A experiência da procura de trabalho. Interações, vivências e significados

O Brasil vive uma forte onda de geração de empregos formais, mas boa parte destes surge em ocupações de menor qualificação e remuneração, no comércio e nos serviços padronizados, para os quais as empresas recorrem crescentemente aos serviços de intermediação e subcontratação de mão de obra.
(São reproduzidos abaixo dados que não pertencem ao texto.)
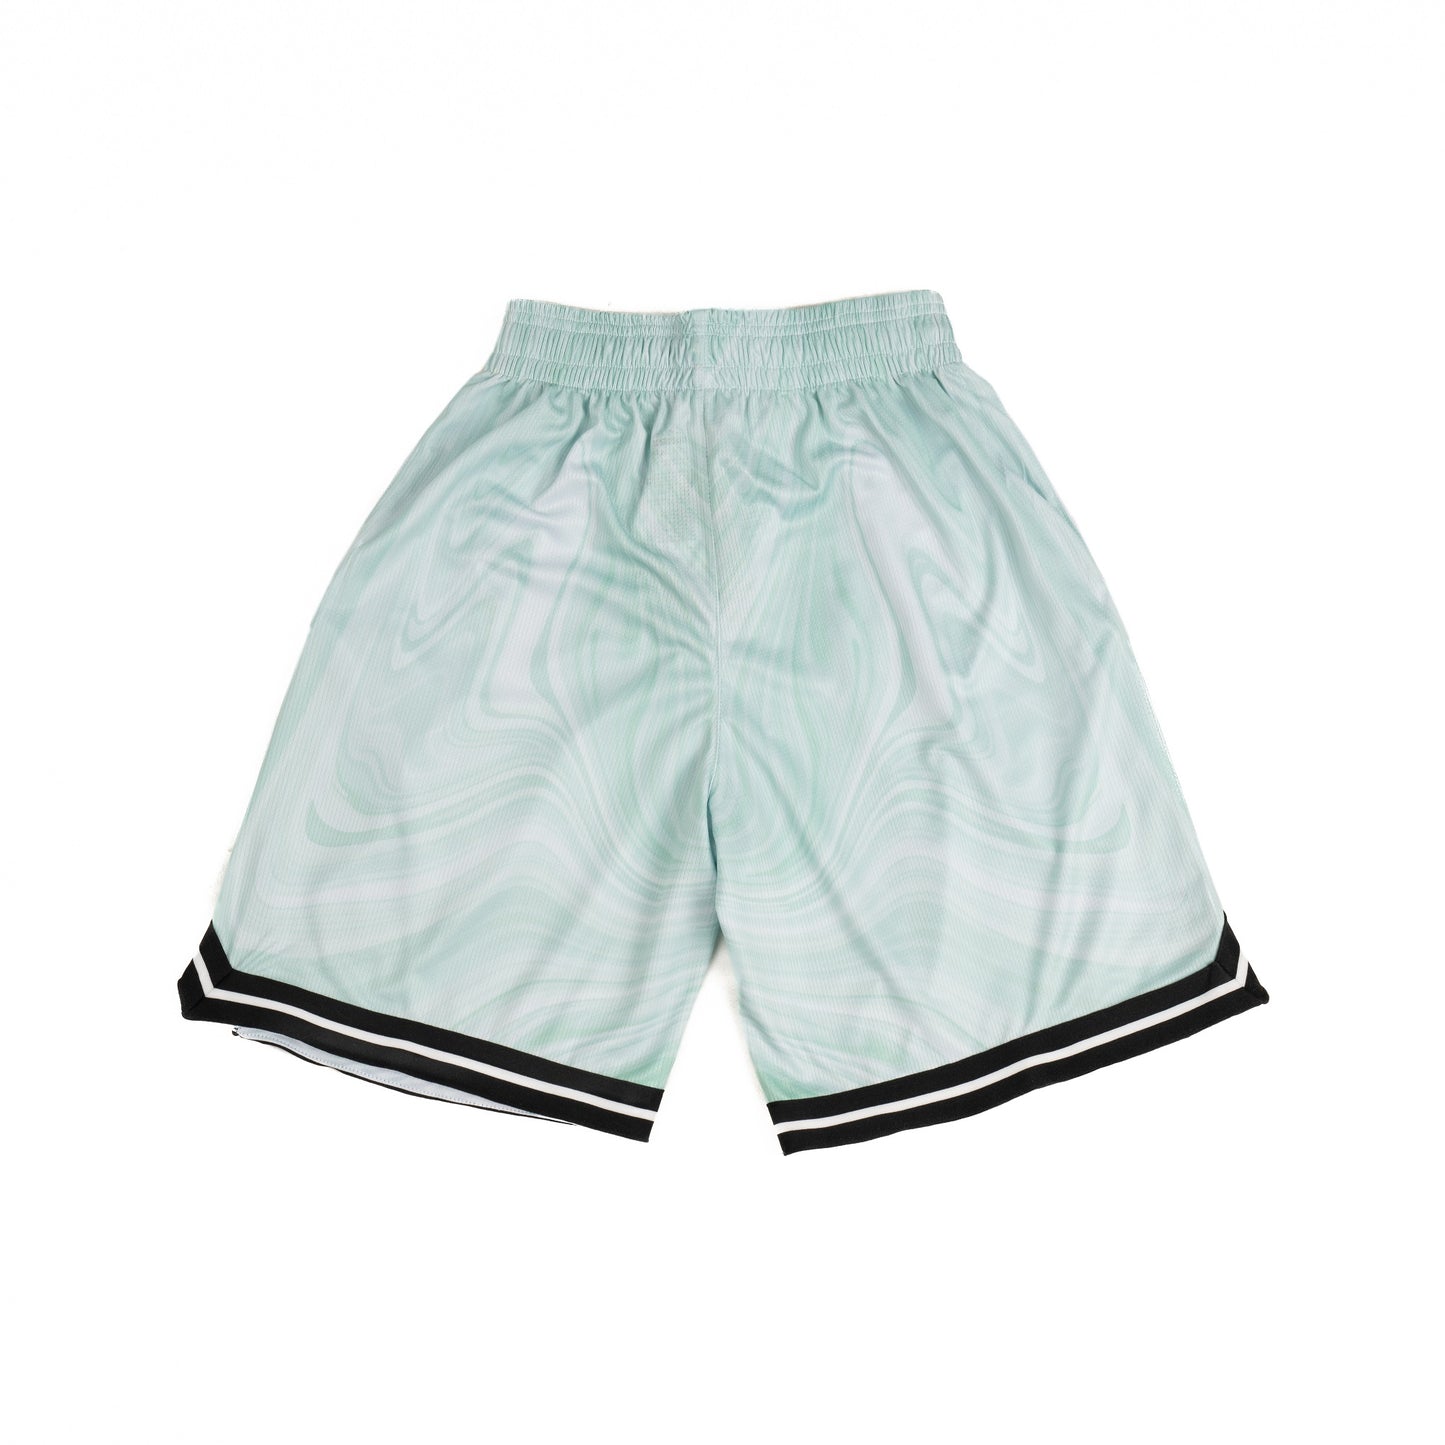 AZA Short Pants Basketball Marble Edition - Green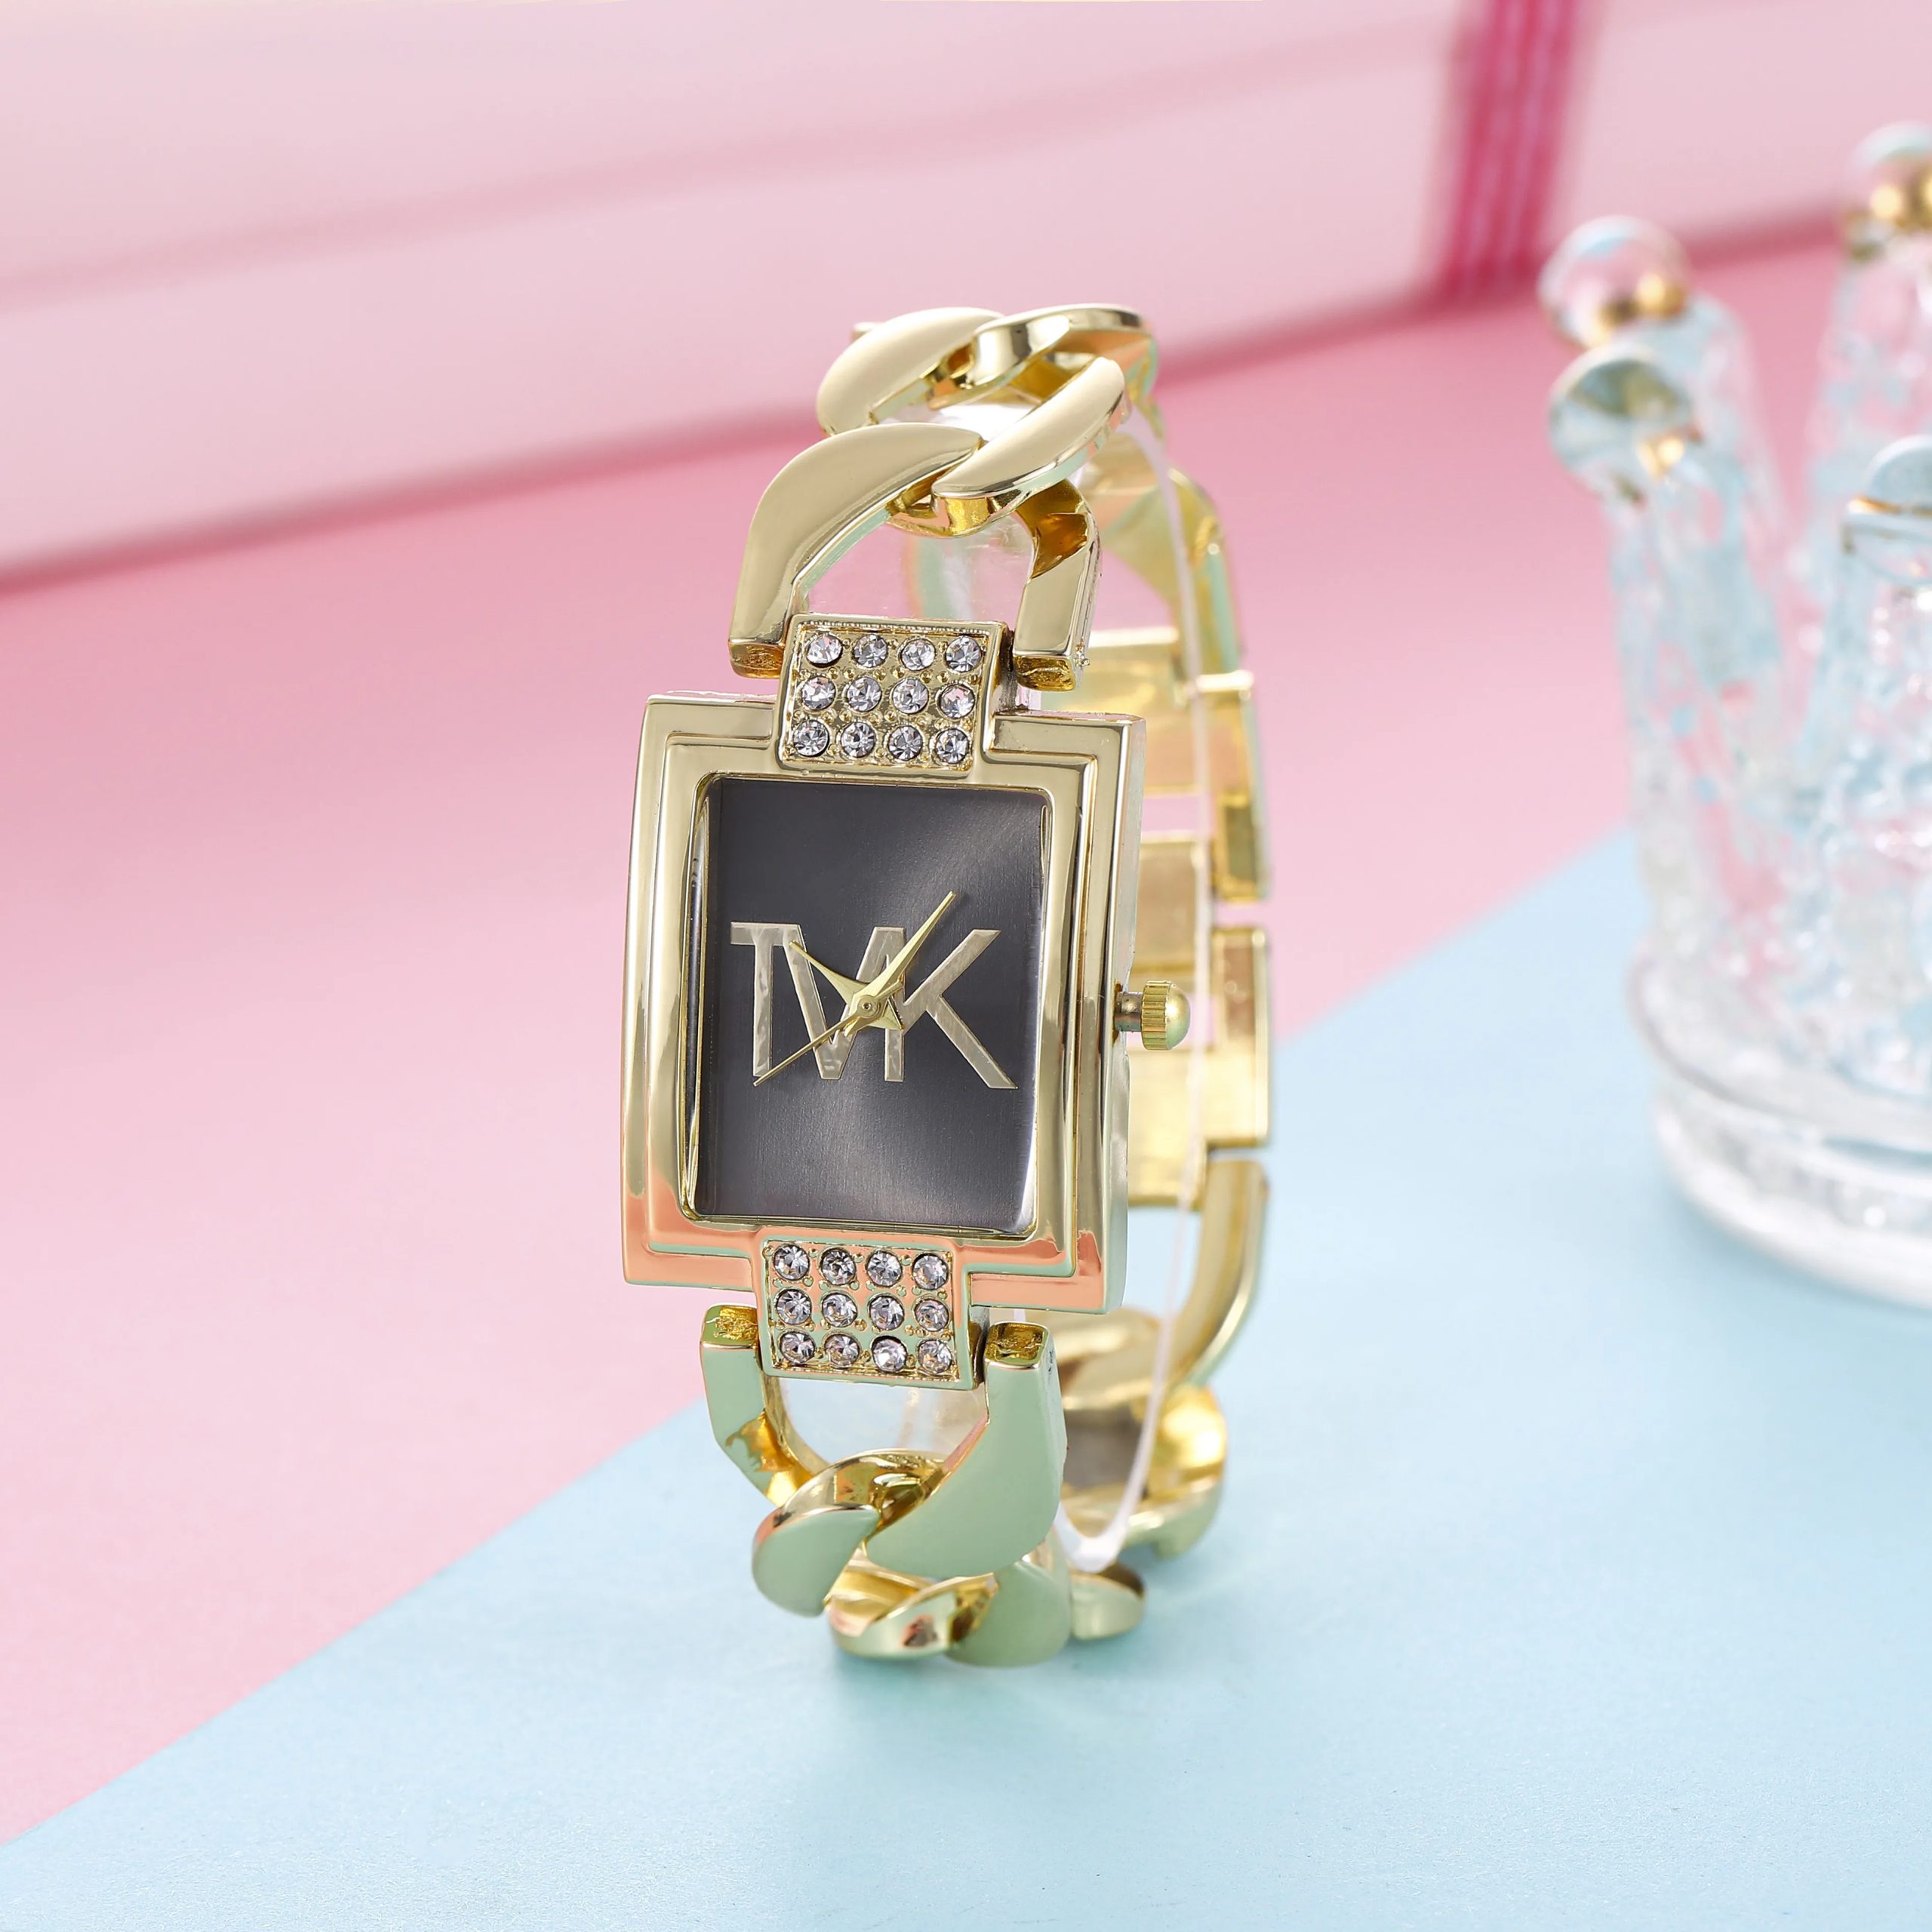 Luxury TVK Brand New Women's Watch Fashionable Quartz Women's Watch

Conforme revela o livro, estes são nichos ocupacionais que atraem predominantemente jovens de origem social modesta, com níveis de instrução intermediários e pouca experiência de trabalho.

A cuidadosa etnografia revela a miríade de instituições e agentes responsáveis por “fabricar” candidatos; do pitoresco plaqueiro, passando pelos fabricadores de CVs, às agências de subcontratação de mão de obra, nas quais, por meio de “testes psicológicos” e de aptidão, dinâmicas em grupo e sessões de aconselhamento (como falar, se apresentar, se vestir e se portar), a filtragem e preparação dos candidatos são concluídas.

Muitas vezes as qualidades e qualificações exigidas e aprendidas nesse périplo não existem nem são necessárias: em que a “boa aparência”, o “espírito de liderança” e a “facilidade para trabalhar em equipe” – o que quer que esses lugares-comuns queiram dizer ou, na verdade, não queiram dizer – colaboram para que alguém seja um bom operador de telemarketing, por exemplo?

O problema da inserção dos jovens no mercado de trabalho não é brasileiro, é mundial; e se tornou mais e não menos complexo pelo fato de os indivíduos hoje serem mais escolarizados do que no passado, porque suas expectativas crescem junto com os anos de estudo. Lendo o livro (embora esta não seja uma conclusão explícita do trabalho), contudo, é difícil não concluir pela irracionalidade, do ponto de vista social, com que o mercado de intermediação de mão de obra vem “resolvendo” esse problema. Se quisermos encontrar causas menos conjunturais para a insatisfação dos jovens brasileiros, esse livro oferece boas luzes.